Abandoning green policies like making buildings more energy efficient contradicts the aims of the Conservative manifesto and should be reconsidered, according to NGOs.
Ten environmental campaign groups, including the Green Alliance, the RSPB, Greenpeace and WWF have written to David Cameron warning that recent actions by ministers will ruin chances of achieving the climate pledge he signed in February, and the Tories’ manifesto pledge to “leave the natural environment of England in a better state than that in which we found it”.
Cancelled policies include: achieving zero-carbon standards for homes by 2016 and non-domestic buildings by 2019; the green deal home energy efficiency policy; and support for onshore wind and solar power. Others have been weakened, such as differential vehicle excise duty, while pledges to outlaw shale gas exploration in protected areas and a absolute ban on the use of neonicotinoids have been reversed.
“These policies were developed over many years, often with cross party backing, and with the support and involvement of many businesses and charities… We have, as yet, seen no positive new measures that would restore the health of the environment or grow the low carbon economy,” the letter states.

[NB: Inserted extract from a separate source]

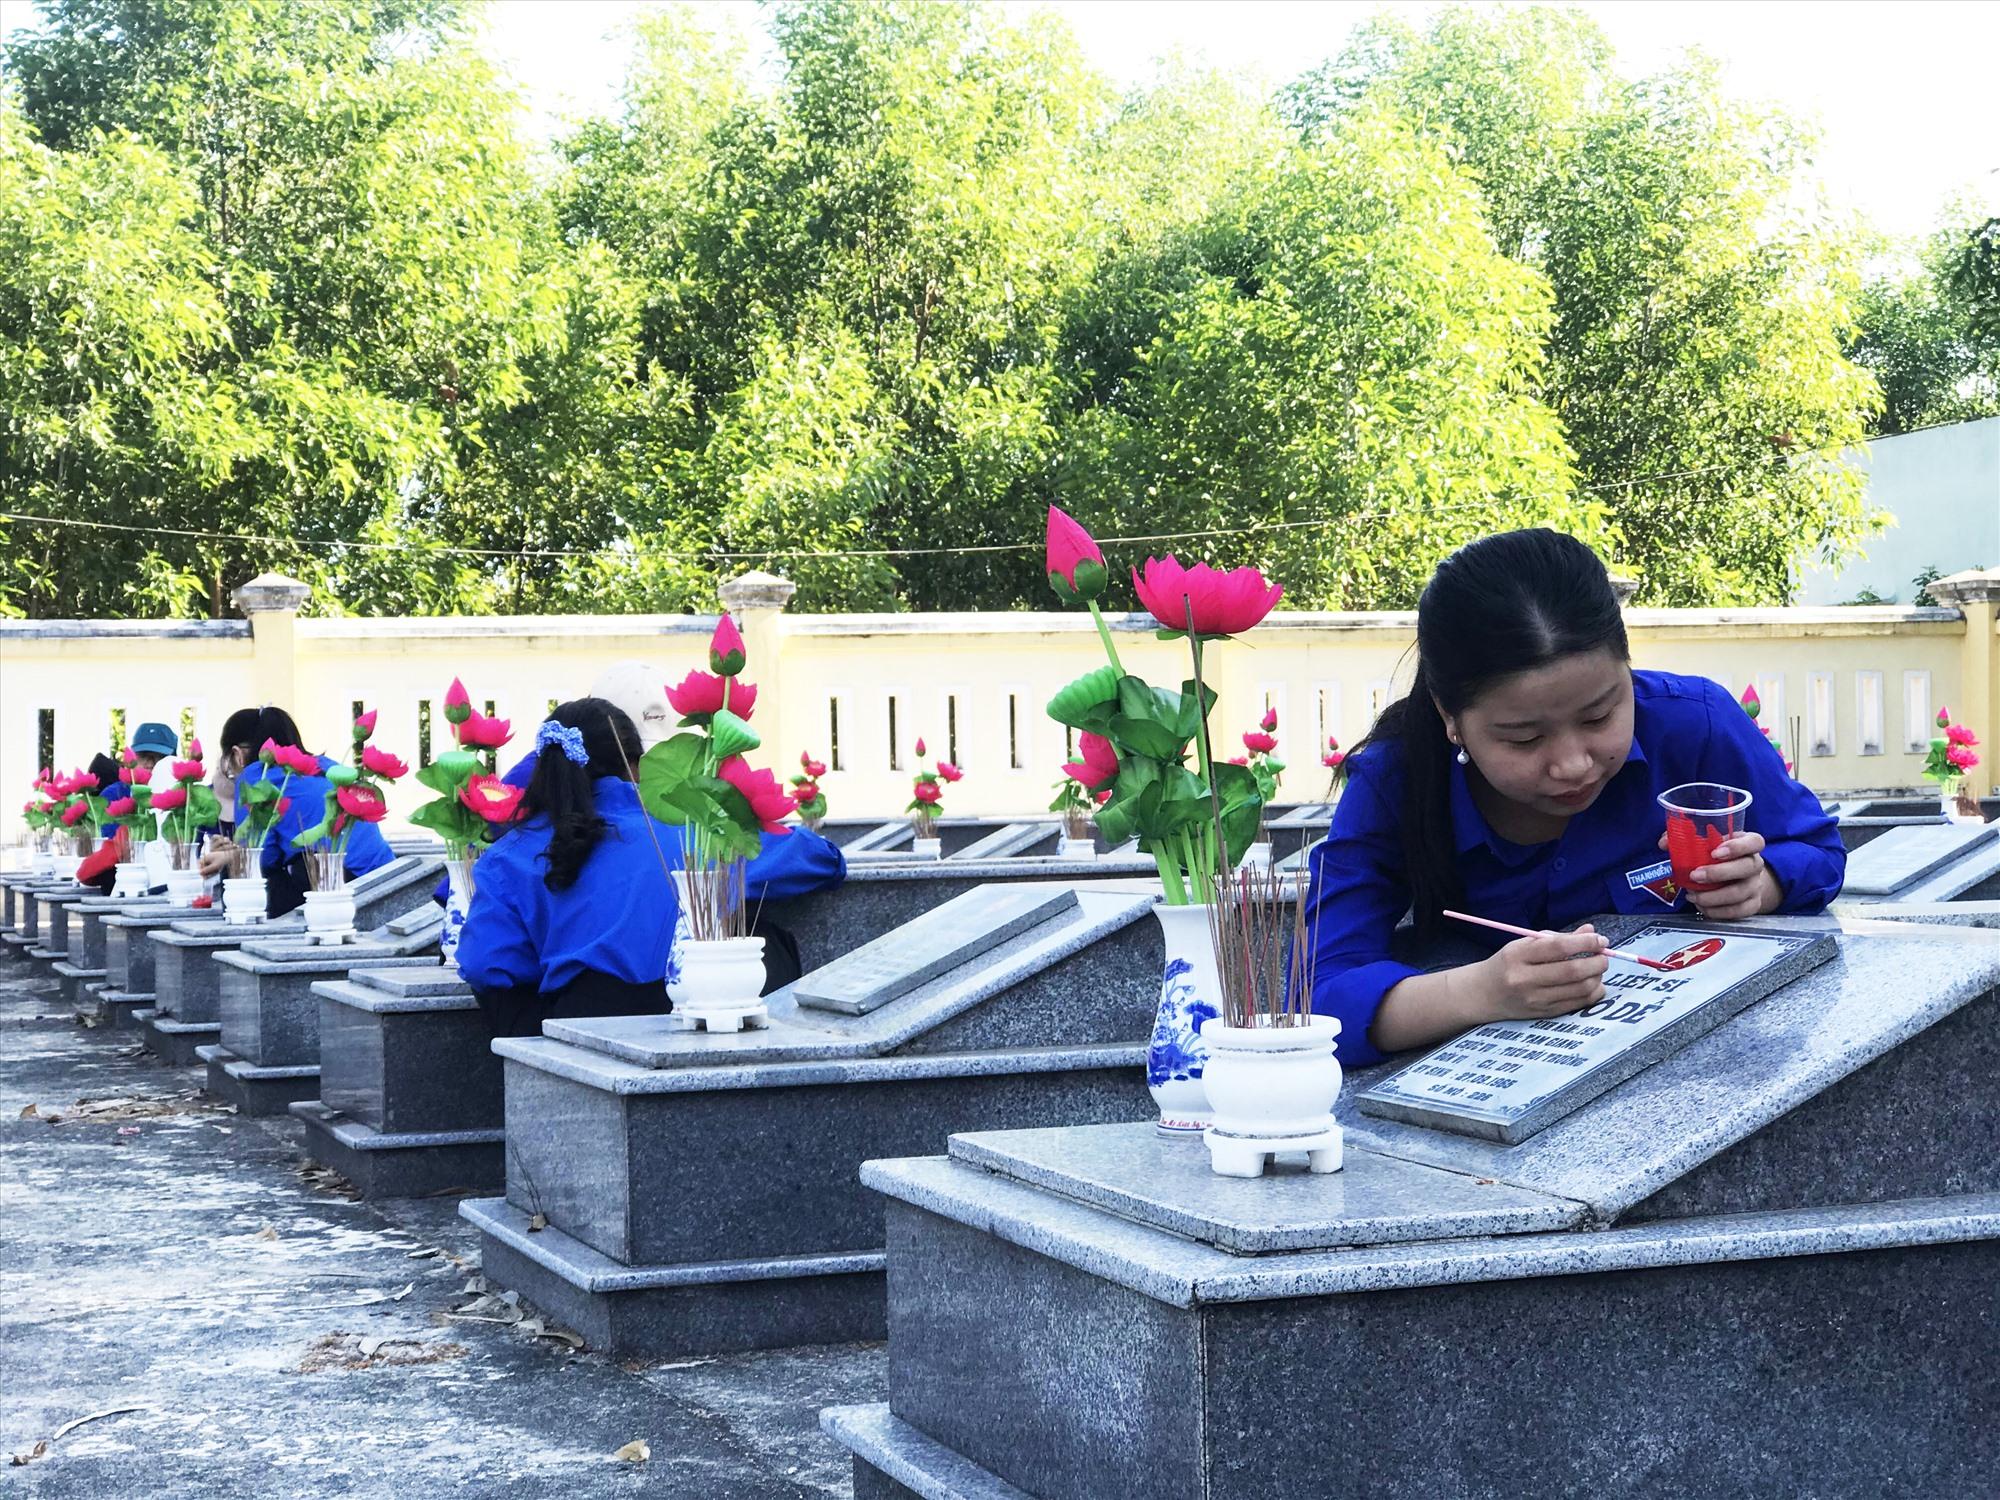 Sơn lại biểu tượng cờ Tổ quốc trên phần mộ tại Nghĩa trang liệt sĩ xã Tam Giang (Núi Thành). Ảnh: THÁI CƯỜNG

Only one of the cancelled policies, to end support for onshore wind, was in the Conservative manifesto, the NGOs point out.
The letter also expresses concern about the fate of government departments charged with protecting the environment: “The two departments which are most able to deliver your environmental agenda, Decc and Defra, are unprotected and at risk from disproportionate reductions in their staffing, because their budgets are dominated by large non-discretionary activities such as nuclear decommissioning and flood prevention.”